Territorial Integrity
    Nasrallah’s return to Lebanon in mid-1978 coincided with several pivotal developments that were to have a profound impact on Lebanon’s Shia community.
    On March 11, a dozen armed Fatah fighters infiltrated northern Israel by sea, hijacked a bus with its passengers, and embarked on a shooting spree along the highway toward Tel Aviv. By the time the fighting had ended, all but two of the Palestinians were dead, along with thirty-seven Israelis, twenty-five of whom burned to death when the Fatah fighters blew up the bus with hand grenades.
    The Israelis had been looking for an excuse to move into south Lebanon to drive out the PLO and consolidate Saad Haddad’s militia. Now they had one. On the night of March 14, the Israelis invaded south Lebanon, punching north along four main axes between the coastal road in the west and the mountainous Arkoub district in the east. The Israeli government said it had no intention of occupying the area, but General Mordechai Gur, the IDF chief of staff, said that the goal was to link up Haddad’s militia-controlled Christian enclaves and establish a “security belt” along the length of the border. The PLO had been expecting a major operation by the Israelis after the bus hijacking, but they underestimated the scale of the attack and were driven northward.

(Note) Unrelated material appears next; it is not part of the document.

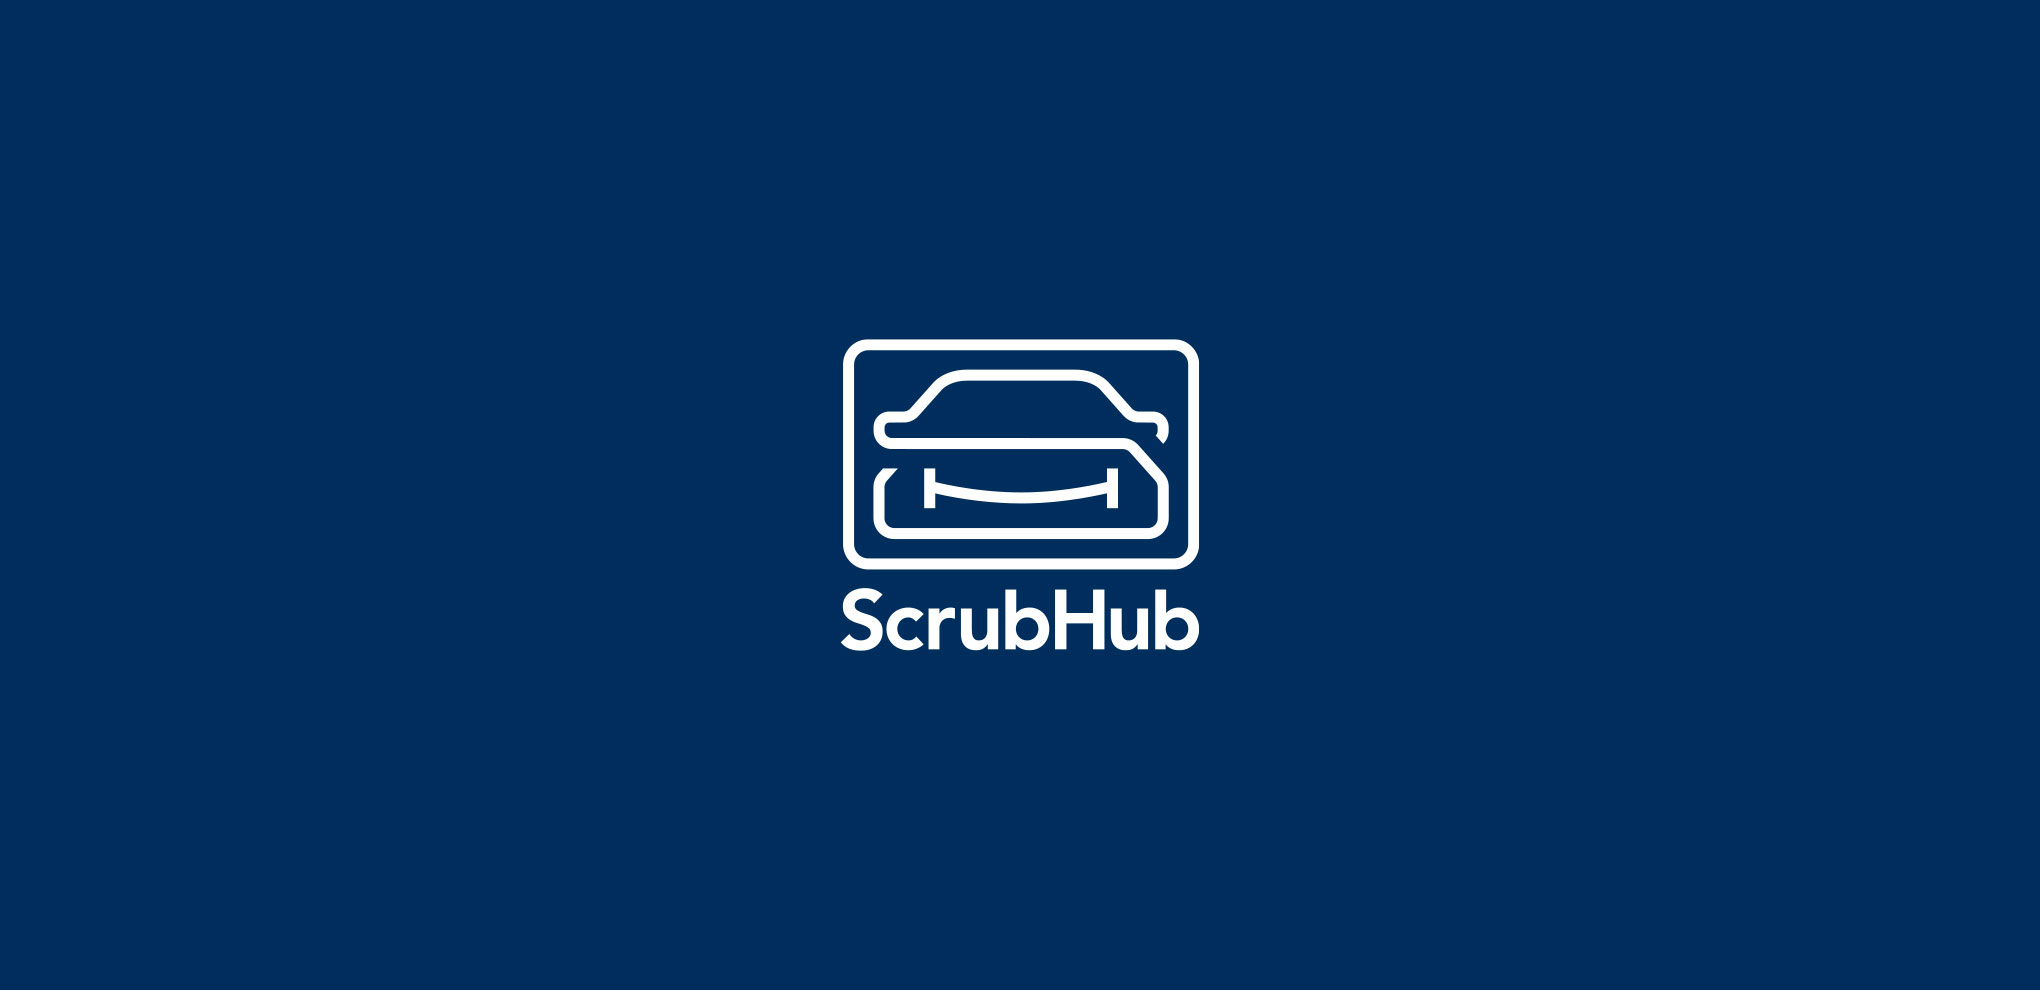 ScrubHub

    On March 19, the UN Security Council adopted Resolution 425, which called for “strict respect” of Lebanon’s “territorial integrity, sovereignty and political independence” and demanded of Israel “immediately to cease its military action” against Lebanon and “withdraw forthwith its forces from all Lebanese territory.” It also agreed to establish a UN Interim Force in Lebanon (UNIFIL) to oversee the Israeli withdrawal and help the Lebanese government restore its authority over the area.
    The Israelis agreed to a cease-fire on March 21, by which time the IDF had occupied much of the area between the border and the Litani River. On May 22, Israel announced that it would withdraw its forces from Lebanon by June 13. But on the scheduled day of withdrawal, the departing Israelis handed over the border strip to its ally Saad Haddad rather than to UNIFIL, a move that simultaneously prevented the peacekeeping force from deploying along the border and fulfilled General Gur’s pledge to establish a “security zone” in the south.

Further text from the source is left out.